Irreducibility test for polynomials over Fp

[geor]

Hello everyone,
I need some help with this one:

I need to write a routine that tests
the irreducibility of a polynomial over Fp,
(where Fp is the finite field with p
elements and p is a prime).

It should take as input: p,the polynomial
and its degree.

It should return TRUE if the polynomial is
irreducible over Fp and FALSE if it's not.

I can use the theorem below:

The polynomial x^(p^n)-x is the product of
all monic irreduble polynomials over Fp,
of degree that divides n.

So, any ideas?
Thanks in advance for your time!

 

[geor]

Anything?..
Anybody?...

 

[HallsofIvy]

How large is p expected to be? With a computer, the brute force method of trying each integer, n, less than p to see if it makes the polynomial equal to 0 shouldn't be too bad.

 

[geor]

Well, it's more for the sake of the problem..
Mathematical languages like Maple, already have
routines for that.

 

[matt grime]

Well, use the theorem you were given - write a program to calculate gcds. If for example, you had to test a degree 5 poly, and you worked out the gcd with (x^p)^n - x, then what are the possible degrees of answers?

Remember, you don't need to find the factors, but just find the degrees of the irreducible factors.

Now, take the example above. Suppose n=>5. If f has degree 5, and gcd(x^p^n - x,f) =f, then what does this tell you about the degrees of the factors of f? Well, they must divide n, and sum to 5. What choice of n would be good to give you information?
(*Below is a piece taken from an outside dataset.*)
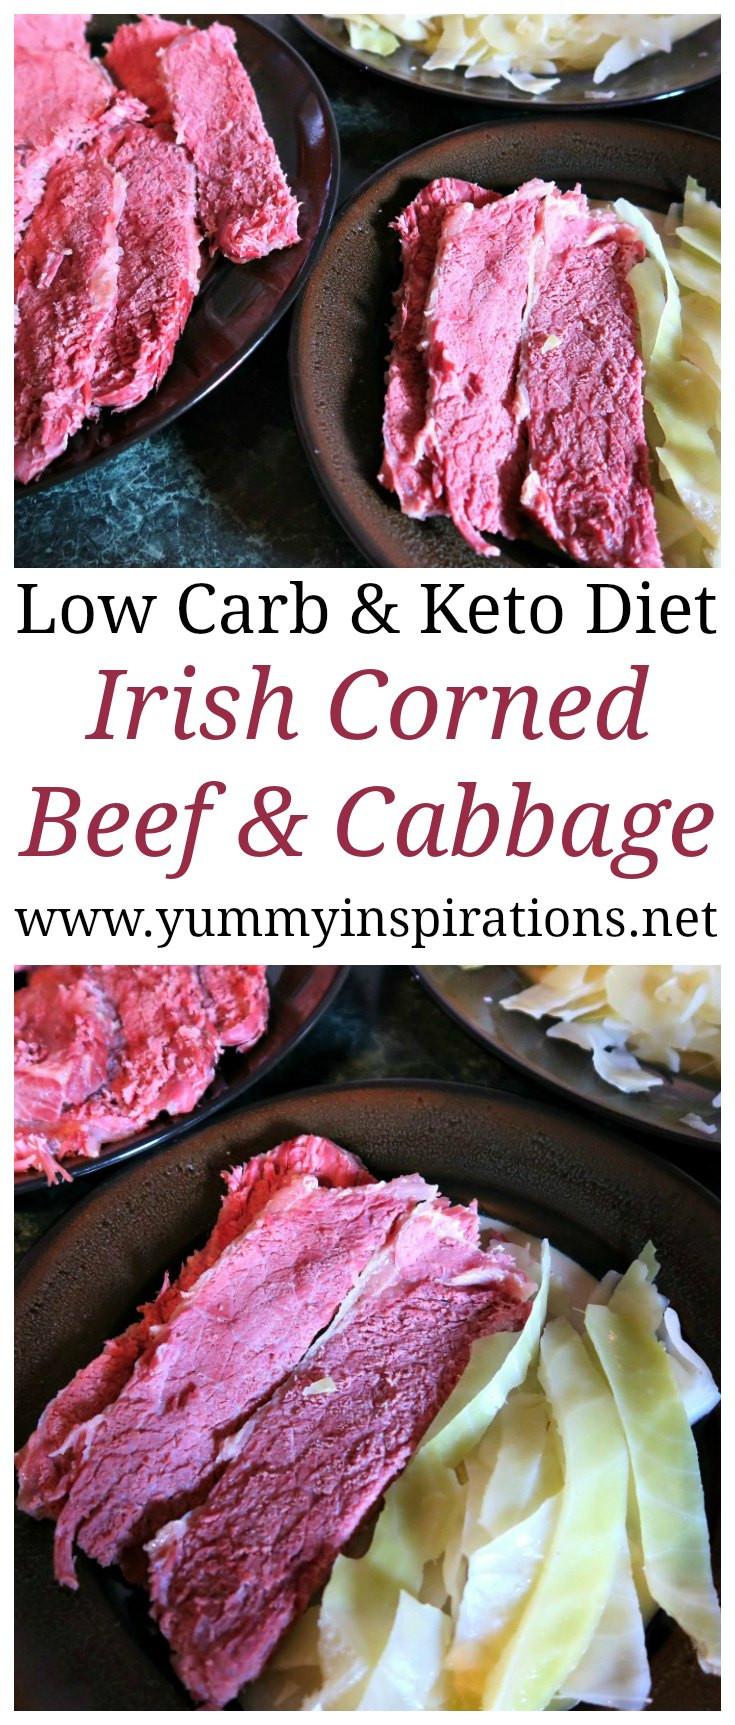 Corn Beef Keto  Authentic Irish Corned Beef and Cabbage Recipe Easy Keto

I'm trying to find a way to prod you in the right direction, but it's hard because it seems obvious to me what you need to do, and I can't find the hint that doesn't just give it away straight away. Surely it should be clear from the fact that you've been given that theorem, that you should test a poly by taking lots of gcds. So just think about how knowing gcds gives you info about the degrees of the factors of f.